KANSAS CITY (Dec. 7, 2016) – ‘Offseason’ is a rather vague term for FC Kansas City’s veteran goalkeeper Nicole Barnhart. In the weeks since the National Women’s Soccer League (NWSL) season ended in late September ‘Barnie’ has split her time between camps in California and Minnesota with the U.S. Girls National Team, her coaching duties in New York with Quickstrike FC and a short family trip to her secluded cabin in Pennsylvania.

Oh, right, and several trips to Kansas City to continue her work with the Blues as a player and Director of Goalkeeping for the FCKC Youth Club.

“I love my job,” Barnhart said. “I get to do what I love each and every day. I don’t take any of it for granted and am thankful for each opportunity I continue to get. I may not get to reap all of the benefits of what I have worked hard to earn for the game, but I know that moving forward, I was a part of wherever it may go.”

When Barnhart started in soccer, which was not that long ago in terms of the sport that has been around for more than 150 years, she was limited to boys teams for high school and club play.

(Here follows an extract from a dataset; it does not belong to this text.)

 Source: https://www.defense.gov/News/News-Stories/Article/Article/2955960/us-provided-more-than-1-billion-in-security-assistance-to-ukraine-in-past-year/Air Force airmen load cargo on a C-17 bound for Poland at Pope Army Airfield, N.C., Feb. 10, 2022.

However, that did not stop her from flourishing and eventually earning a spot on the Stanford Women’s Soccer Team in 2000. She was a two-time First Team All-American and later a Hall of Fame Class inductee for the Cardinal.

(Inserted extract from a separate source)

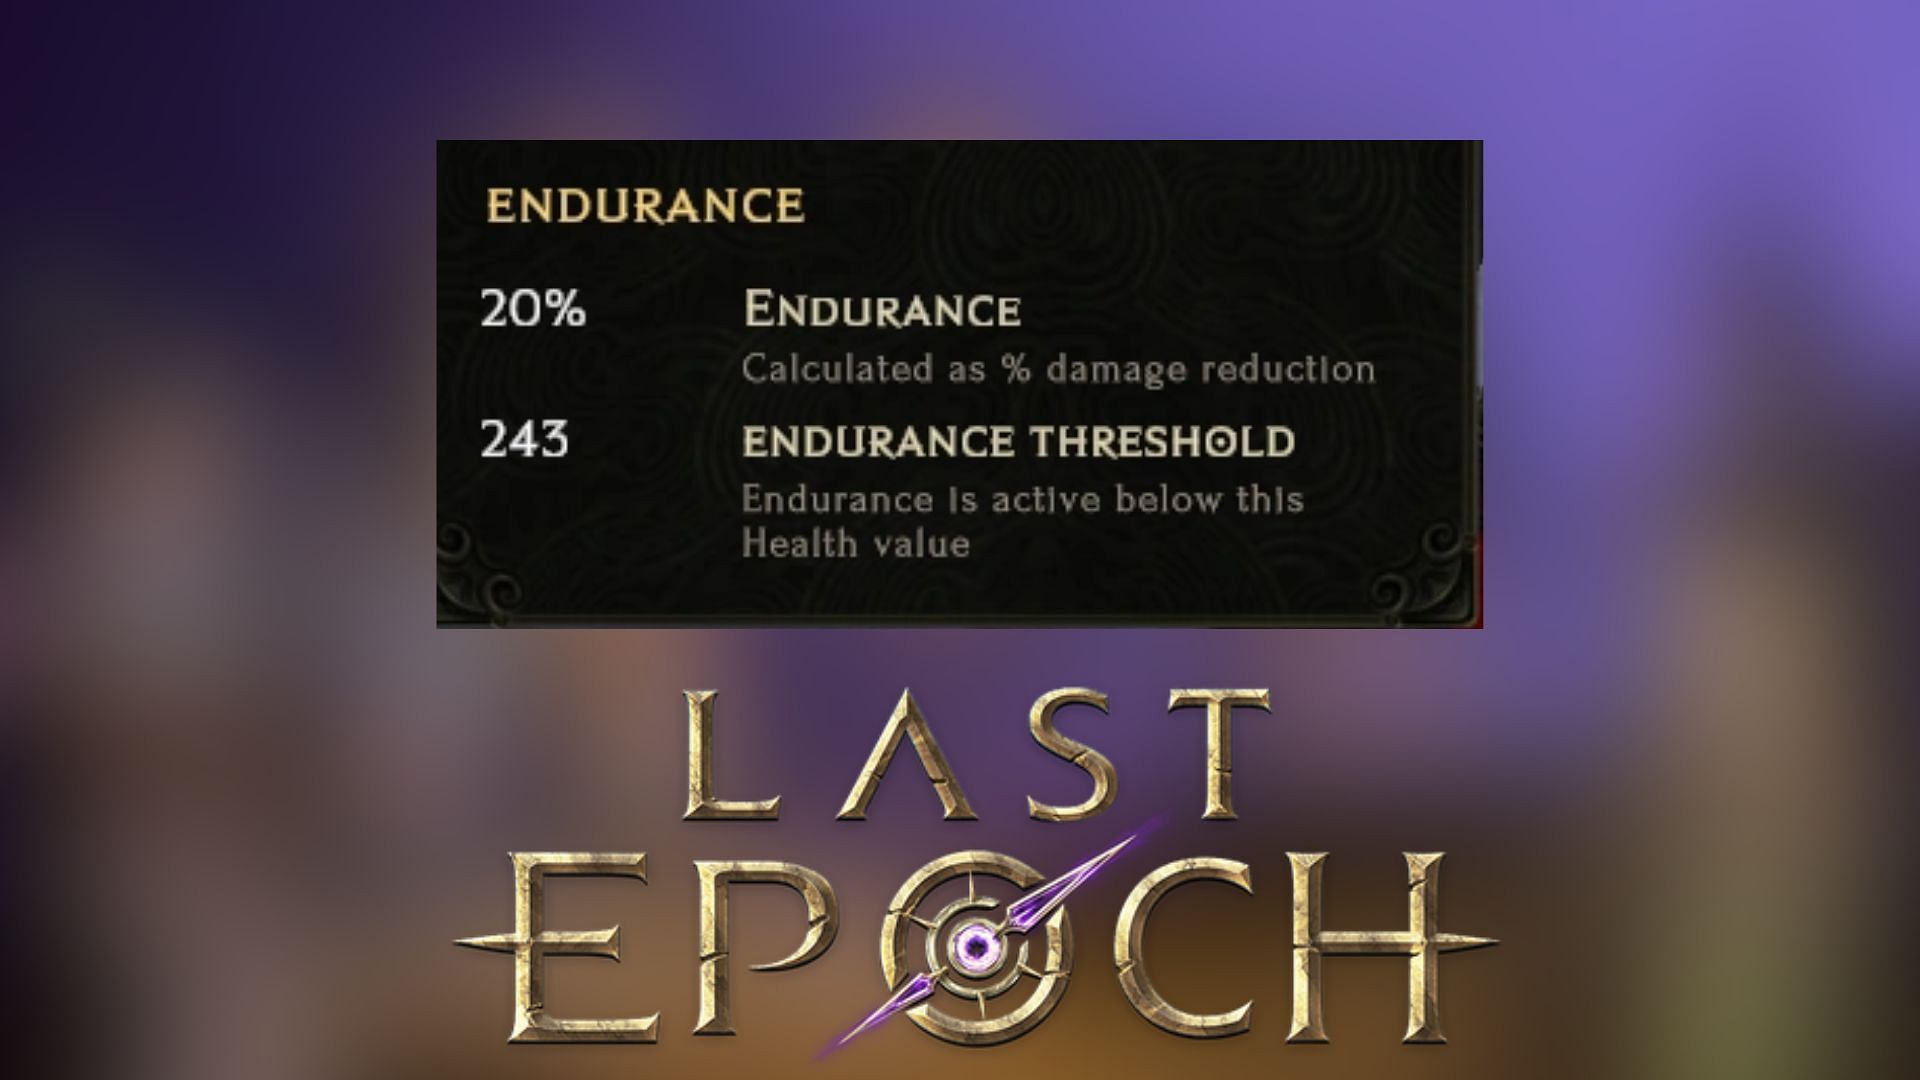 Endurance can increase your Defense and Survivability in Last Epoch (Image via Eleventh Hour Games)

Since then, she has won three league professional championships and two Olympic Gold Medals for the U.S. Women’s National Team.

She is not planning to slow down anytime soon, either.

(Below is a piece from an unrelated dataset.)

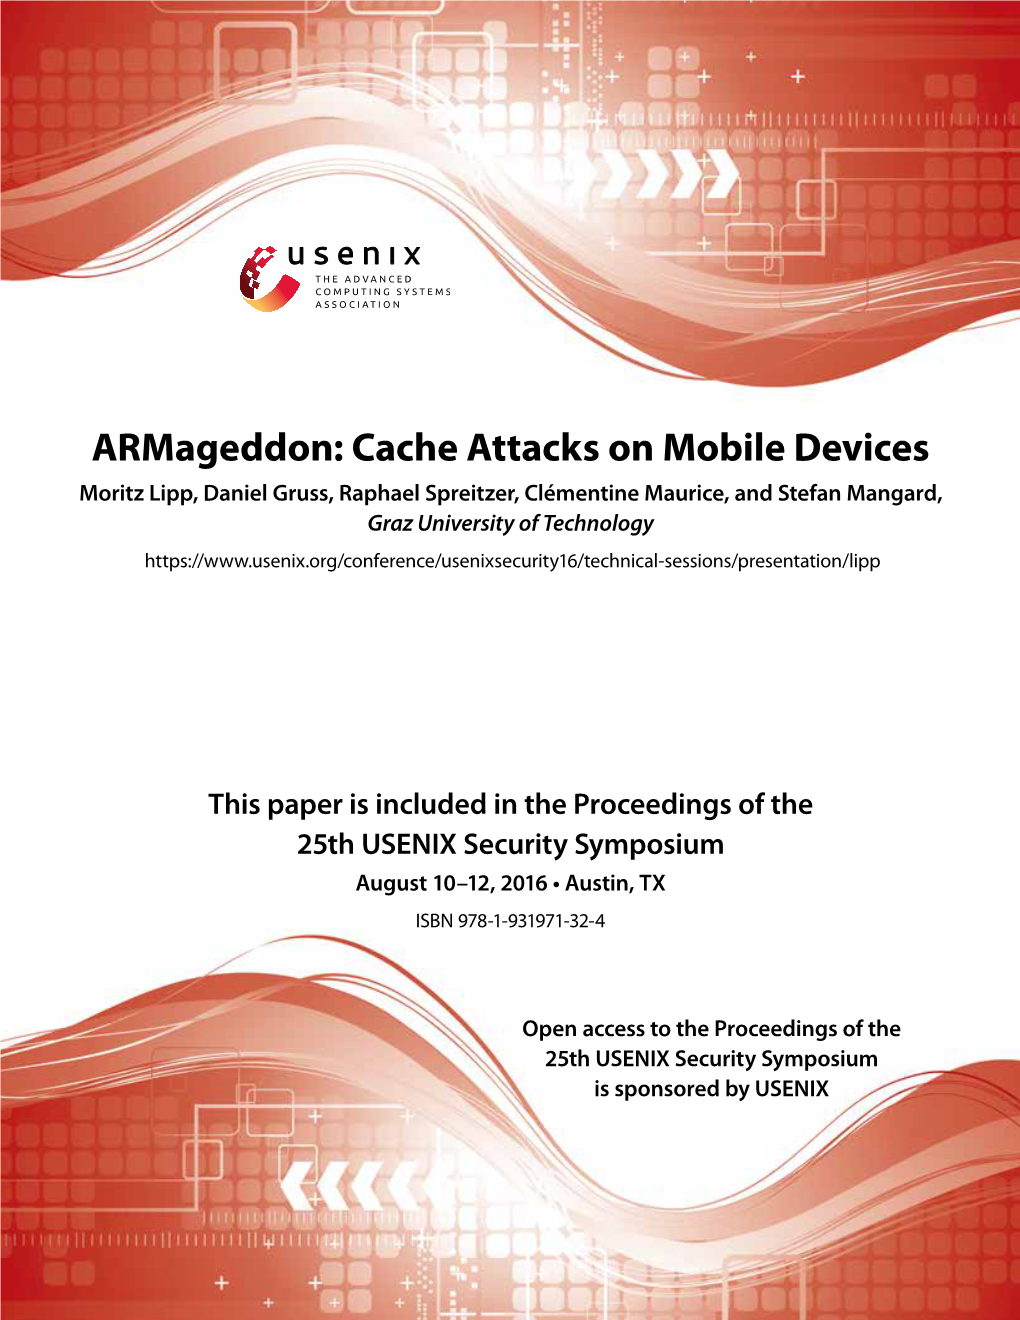 Armageddon: Cache Attacks on Mobile Devices

Recently, Barnhart has shifted more of her focus to coaching and spreading the opportunities that have brought her this far. This desire to grow the game led to three recent stints with U.S. Soccer as a director of the US Soccer Girls Fantasy Camp. She also spent time coaching the U.S. Girls National Team (USGNT) U14s, U15s and U16s at this year.

“I have been very blessed with my career and the opportunities afforded to me through the WNT, and even though I no longer represent the US as a player, it is a privilege to be able to step in and still wear the crest as a coach,” Barnhart said. “I really enjoy working with the youth players, and having the chance to impart my knowledge and experience on them, all while helping to train and mold the next generations of players.  It is a lot of hard work in the camps, but I love the environment, where I get to work with many great players and coaches.”

When the NWSL starts up again in April, Barnhart will return to the goal, where she has led the league in shutouts all four seasons. The two-time champion also led the league in saves this season, registering 21 more than Ashlyn Harris and Lydia Williams, while playing all 1,800 minutes. She was one of six players to earn the “Ironwoman” tag.

And naturally, even though she is still putting up praise-worthy numbers, Barnhart is most excited about her ability to continue growing the game.

“I’m excited to see how we can continue to get some of the best players in the world to realize what a great league this is and continue to want to come over here and play,” Barnhart said. “I’m excited to see the day that women can play in this league as a full-time job and make a true living getting to do what they love.”